Zarifa Ghafari has confidence in those she called “her sisters” and it was for her a great hope to see dozens of women demonstrating in the streets of Herat to voice their rights and demand an inclusive and respectful government. “We will not stop. The more they will try to silence us, the louder we will speak. They will not be able to ignore us" affirms the former mayor of Maidan shahr.


Defying the Taliban

The Taliban’s higher education acting minister pledged, in the first days of his tenure, that women could continue to study in universities and graduate programs, as long as they were in gender-segregated classrooms” Zarifa Ghafari developpes. A statement in line with previous announcements regarding women's rights that the Taliban have vowed to respect. “Their words never match their actions. I don't expect anything from them. I already know who they are". Sinister illustration of Zarifa Ghafari’s words, the new government sent, since then, an ominous signal of its intentions toward young women : the Ministry of Women’s Affairs building was converted into offices for the religious morality police, who brutally enforced Shariah law two decades ago. The building now houses the Ministry of Invitation, Guidance and Promotion of Virtue and Prevention of Vice.

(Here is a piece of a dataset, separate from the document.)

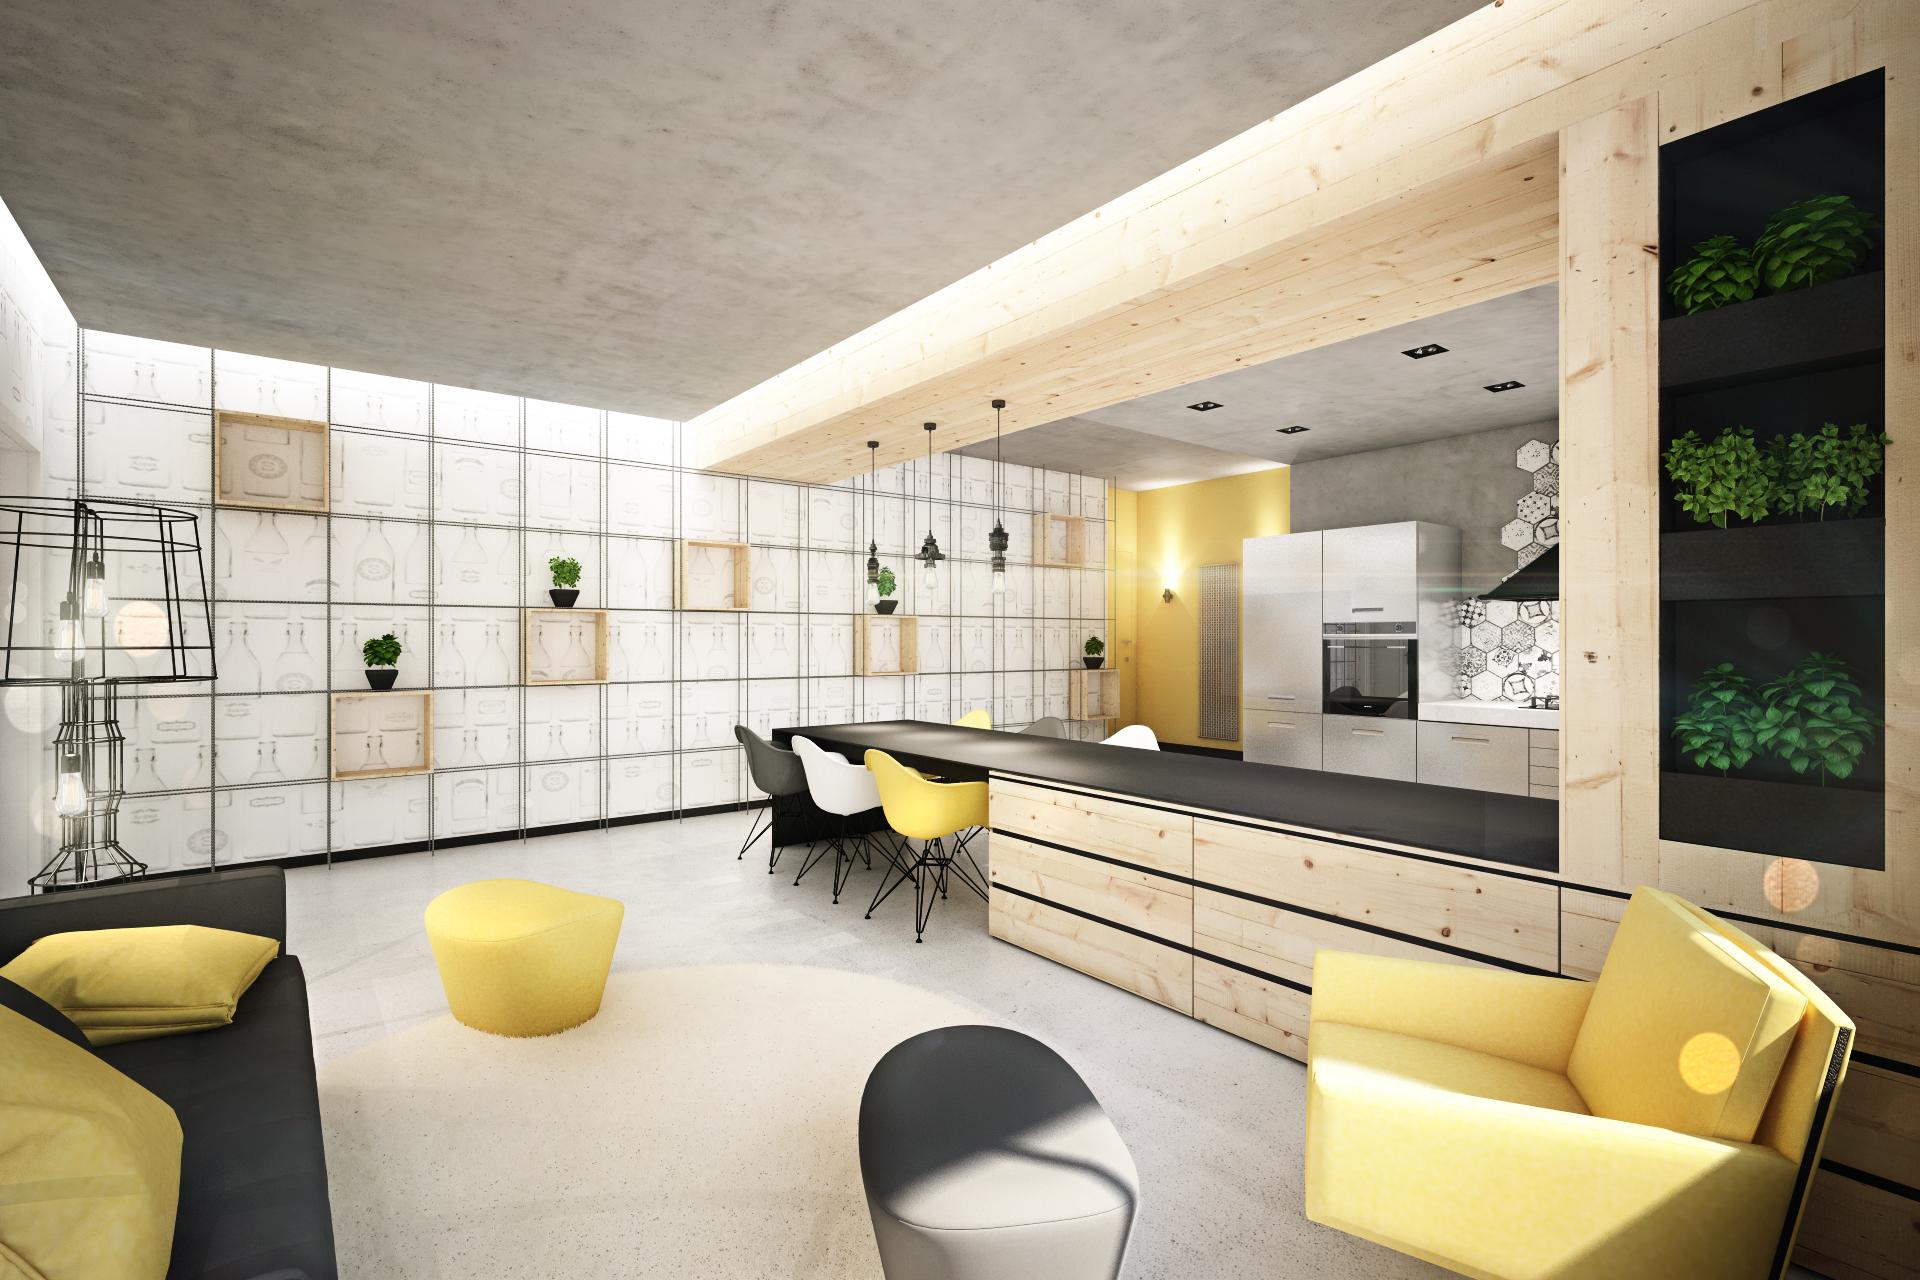 Интерьер маленькой квартиры с жёлтыми и чёрными акцентами
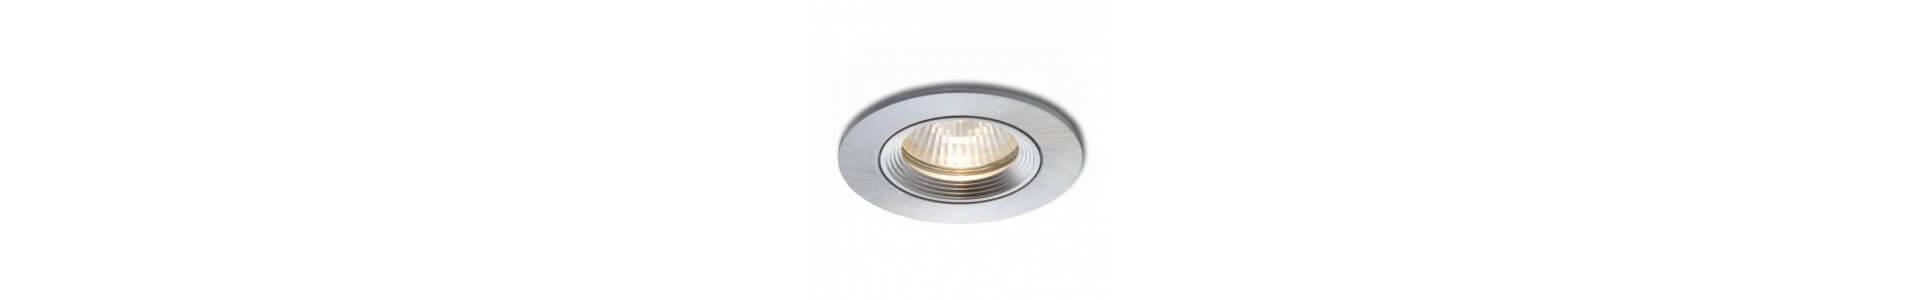 Spotlights med utbytbar ljuskälla

Former mayor of Maidan now relies on the international coalition. “Taliban are in power. We have no over choice than to talk to them. We have to negotiate and to collaborate to preserve the achievements of the last twenty years. I want to talk to Taliban and their leaders. I am ready, so I need international community to pressurise them to sit on the negotiation table back. It does not matter where and when, but they need to start a negotiation, with women, on women’s rights. Taliban must adapt to the reality on the ground, women represent 50% of the country's population and are a vital part of the country’s development, without them the Taliban will not be able to govern the country ” calls Zarifa Ghafari. After the chaotic withdrawal of American forces from Kabul, the future of the Taliban regime depends in part on the attitude of the Pakistani power, its army and its secret services. “I also call on the international community to ask Pakistan to stop its interference in Afghan politics. Only after that can we find a lasting solution for the country and its people” appeals her.

In the next months, Zarifa Ghafari is going to try to obtain a special European permit. Indeed, she does not want to be a refugee, but wants to travel to continue tirelessly raising awareness of the situation in her country. With only one dream : “I would go back in an appease Afghanistan. I would love to take the small amount of sand I took from my country back to where it really belongs”.